Старик Михайла спал на ларе. Прокофий, выездной лакей, тот, который был так силен, что за задок поднимал карету, сидел и вязал из покромок лапти. Он взглянул на отворившуюся дверь, и равнодушное, сонное выражение его вдруг преобразилось в восторженно-испуганное.
– Батюшки, светы! Граф молодой! – вскрикнул он, узнав молодого барина. – Что ж это? Голубчик мой! – И Прокофий, трясясь от волненья, бросился к двери в гостиную, вероятно для того, чтобы объявить, но видно опять раздумал, вернулся назад и припал к плечу молодого барина.
– Здоровы? – спросил Ростов, выдергивая у него свою руку.
– Слава Богу! Всё слава Богу! сейчас только покушали! Дай на себя посмотреть, ваше сиятельство!
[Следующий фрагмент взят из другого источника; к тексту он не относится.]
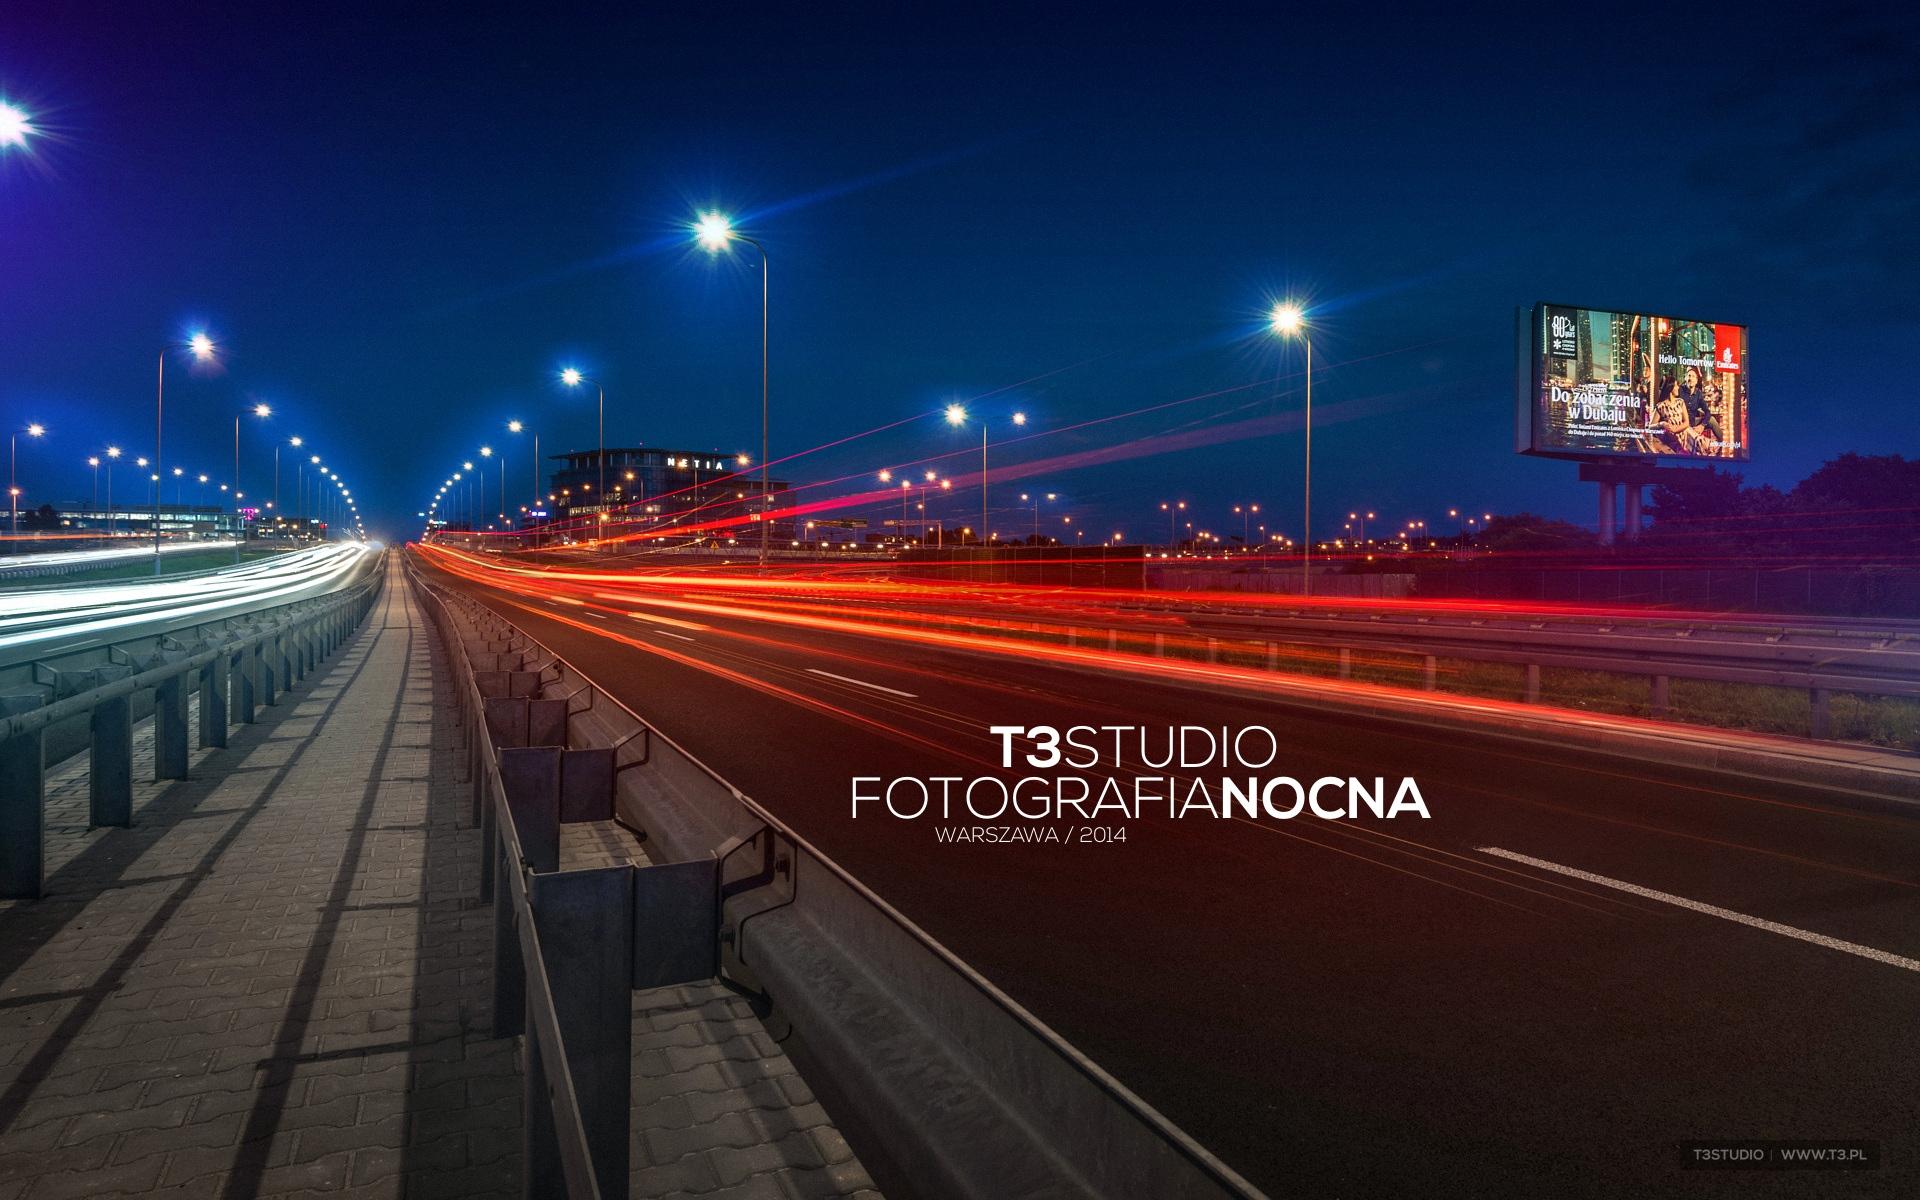 T3Studio - Fotografia nocna - Warszawa 2014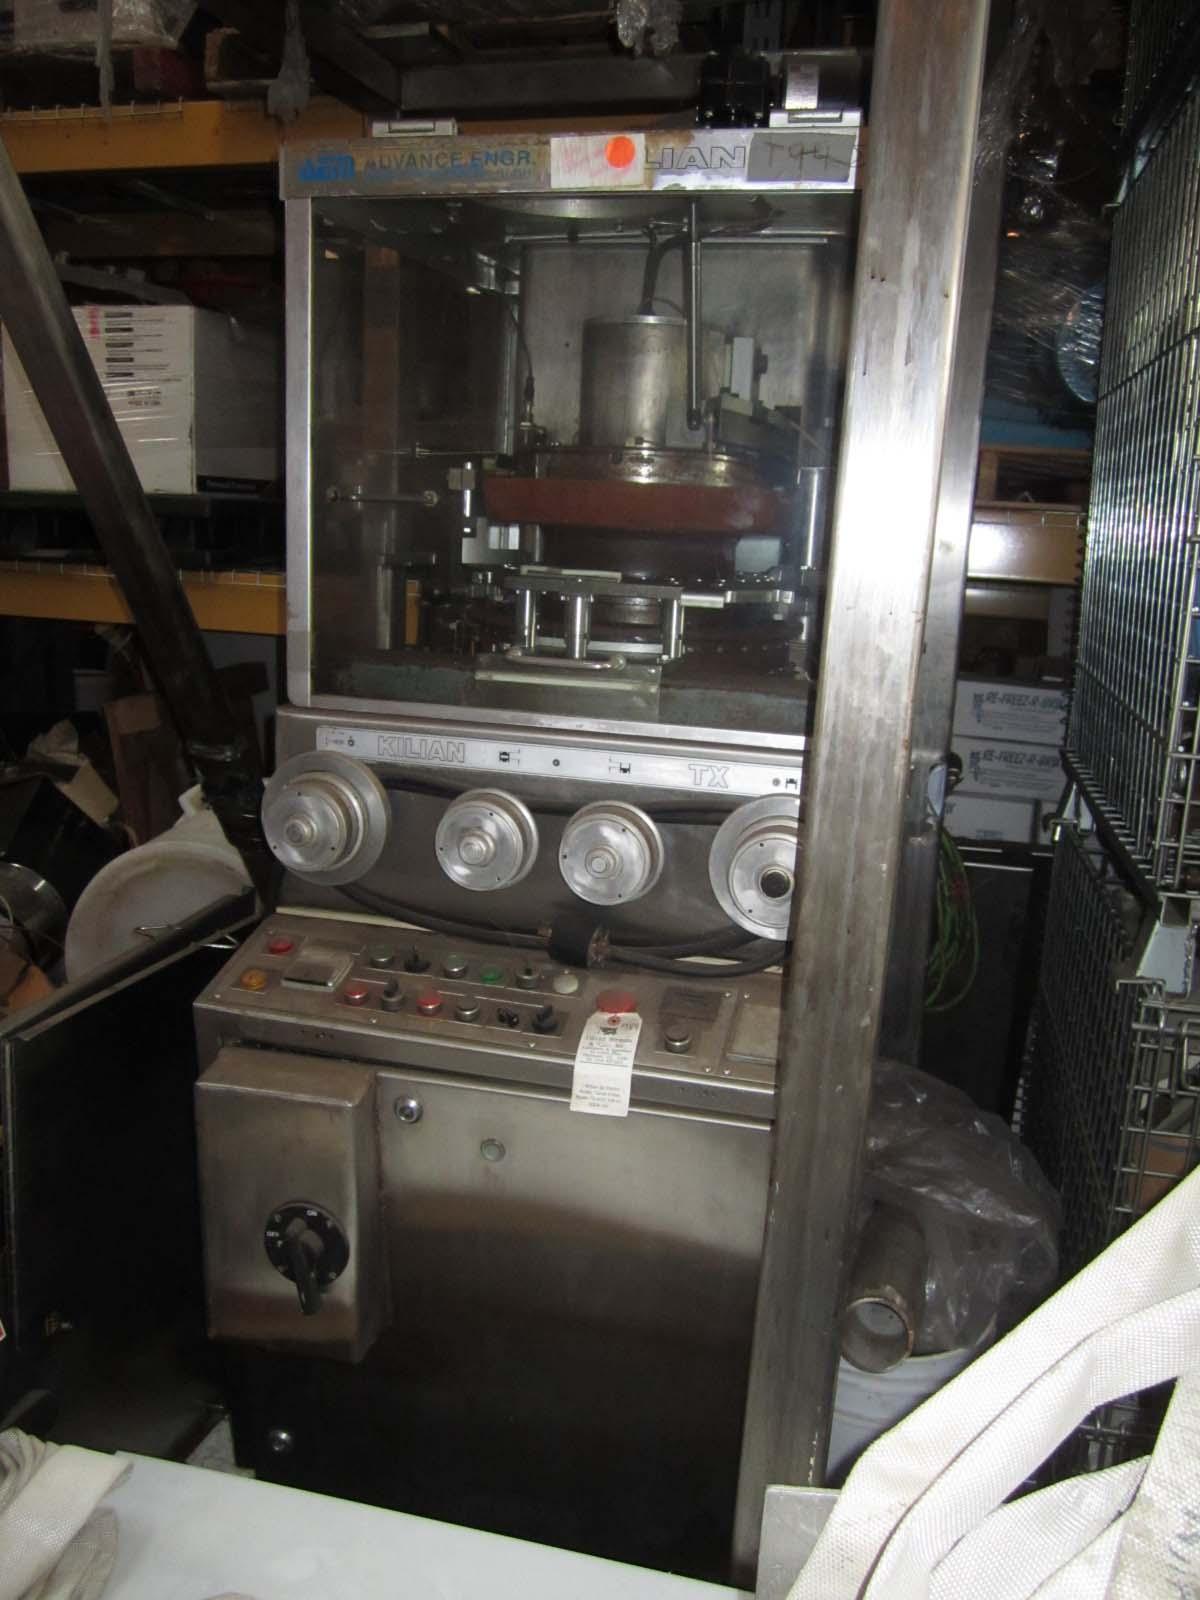 33 Station Killian Tablet Press

– Всё совсем благополучно?
– Слава Богу, слава Богу!
Ростов, забыв совершенно о Денисове, не желая никому дать предупредить себя, скинул шубу и на цыпочках побежал в темную, большую залу. Всё то же, те же ломберные столы, та же люстра в чехле; но кто-то уж видел молодого барина, и не успел он добежать до гостиной, как что-то стремительно, как буря, вылетело из боковой двери и обняло и стало целовать его. Еще другое, третье такое же существо выскочило из другой, третьей двери; еще объятия, еще поцелуи, еще крики, слезы радости. Он не мог разобрать, где и кто папа, кто Наташа, кто Петя. Все кричали, говорили и целовали его в одно и то же время. Только матери не было в числе их – это он помнил.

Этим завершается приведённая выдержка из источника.